• Your assignment: Below is a listing. Quote from it, exactly, the lines from the one containing "basketball-net.jpg" down to the one containing "完売品 【15M】軽いホース蔵王産業(エンジン式)・スーパー工業対応カプラ付き", both ends included, and nothing else.

• Supplied material:
****************
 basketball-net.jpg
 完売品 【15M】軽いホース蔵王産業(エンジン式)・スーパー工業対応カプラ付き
****************
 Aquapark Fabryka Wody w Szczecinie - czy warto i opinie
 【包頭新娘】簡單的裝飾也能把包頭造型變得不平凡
****************
• Your solution:
 basketball-net.jpg
 完売品 【15M】軽いホース蔵王産業(エンジン式)・スーパー工業対応カプラ付き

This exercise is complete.